Todo o trauma não elaborado que levamos conosco nos divide e fragmenta, deixa pedaços de nós pra trás, deixa partes nossas presas a um enredo dramático passado e suas desafeições. Todo o TRAUMA gera uma dissociação, ruptura, nó ou separação no fluxo da consciência e traumas sucessivos geram uma fragmentação generalizada em vários padrões, subpersonalidades ou estratos de memórias recalcadas no inconsciente.
A dissociação devido a memória traumática reforça a cisão razão e emoção, a falta de coordenação entre as faculdades cognitivas e emocionais. Essa ruptura também hipertrofia a razão como defesa ao trauma e atrofia o conjunto intuição-emoção-sentimento-coração, produzindo paralelamente no nível neural o descompasso entre o arquicortex (cérebro mamífero-reptiliano) e o neocortex humano que automatiza a razão como criada obediente ao cérebro visceral-reptiliano, primitivo, autoritário e replicante.
A desarticulação entre a razão e a emoção gera uma racionalidade instrumental, facilmente doutrinável e que favorece a razão tecnocrática e seu sistema de demência automatizada no ser humano e a sua degeneração na história. O que leva a recorrente esquiva das guerras não vistas dentro da gente e que se projetam em guerras, polarizações, tiranias e bárbaries em todas as épocas, os sistemas totalitários de ontem e do presente, as distopias nossas de cada dia.
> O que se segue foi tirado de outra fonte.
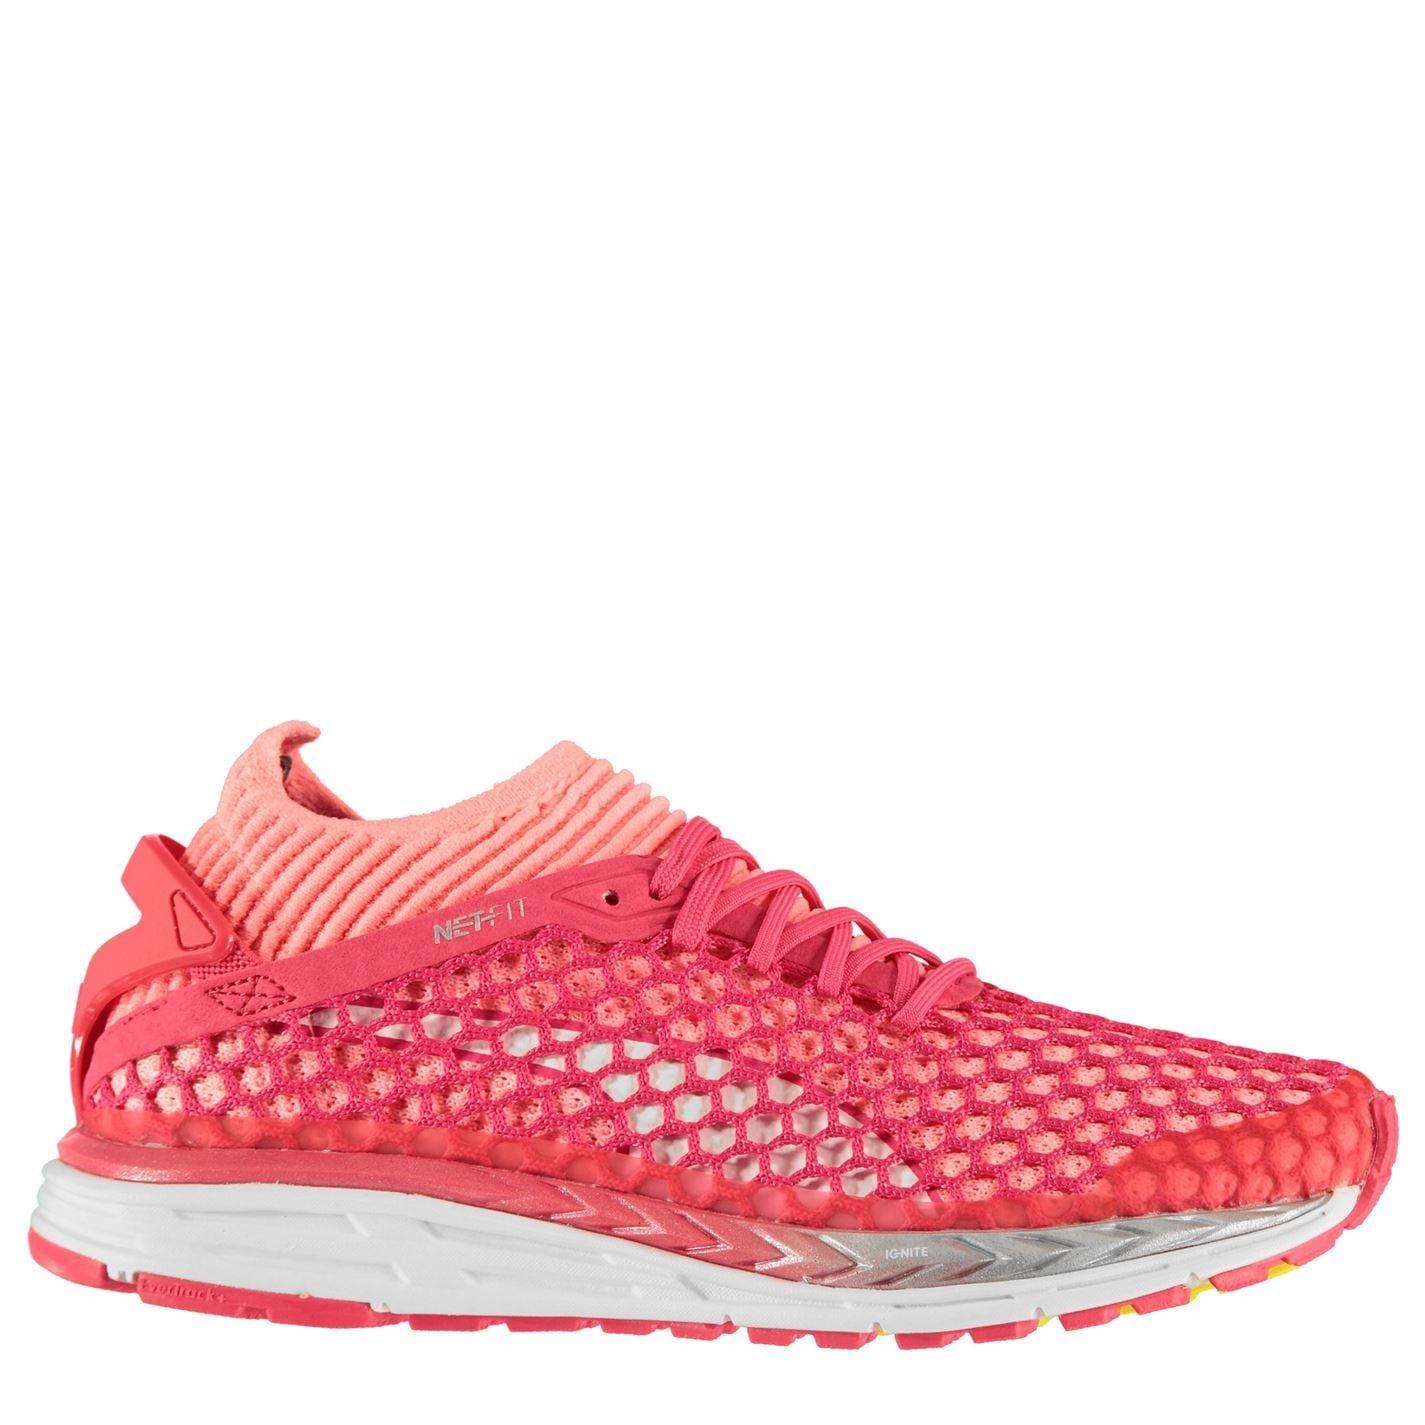 Puma Ignite Dual Ladies Running Shoes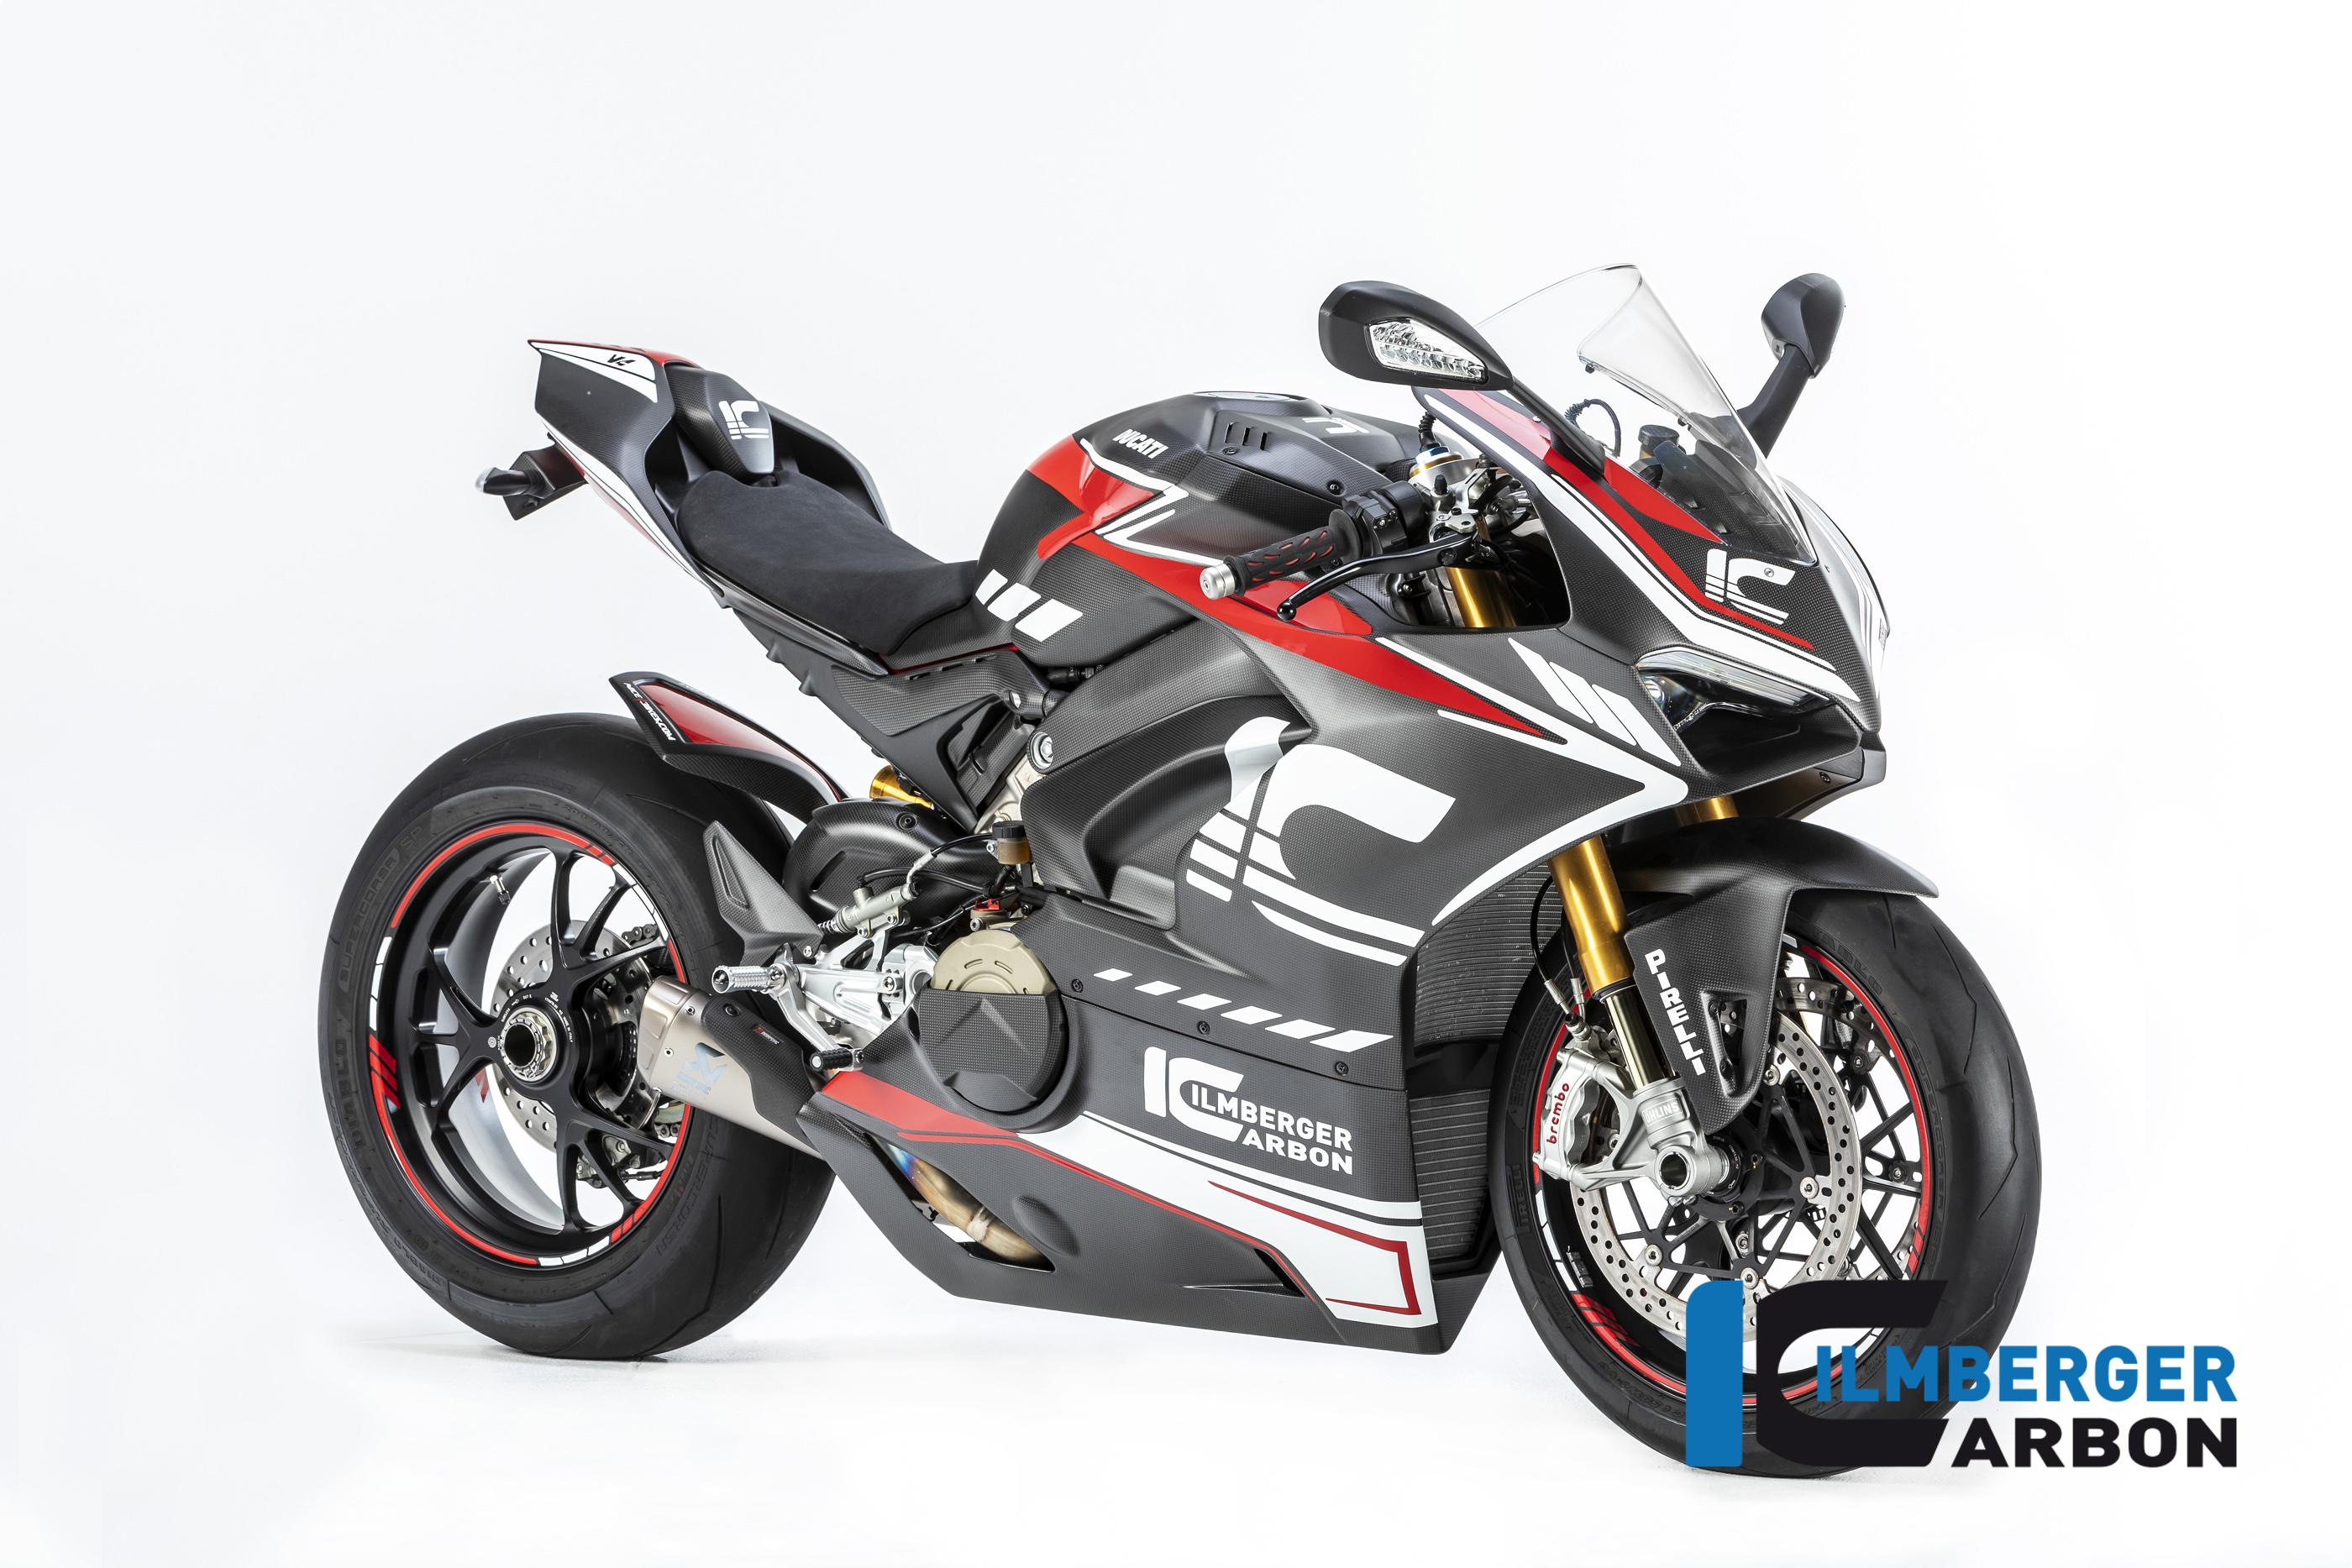 Ducati Panigale V4 / V4 S

É o recorrente pacto de Fausto por progresso e técnica em detrimento ao sentir e ao amor. É o que leva as pessoas a fingir demência mesmo diante de todos os sinais e sintomas deletérios que um sistema dominante e suas narrativas de ordem lhes imputem como realidade.
É o que leva muitos a atuar nas falsificações de bem comum reeditadas ao longo da história e que estão no âmago de todo e qualquer sistema totalitário que se forma a partir do hiper-racionalismo e da manipulação das emocionalidades, ou seja, a falta de integração entre razão e emoção, a dissimulação das narrativas, sua propaganda e discrepância com os fatos conforme realmente são vividos pelas pessoas na sua vida cotidiana.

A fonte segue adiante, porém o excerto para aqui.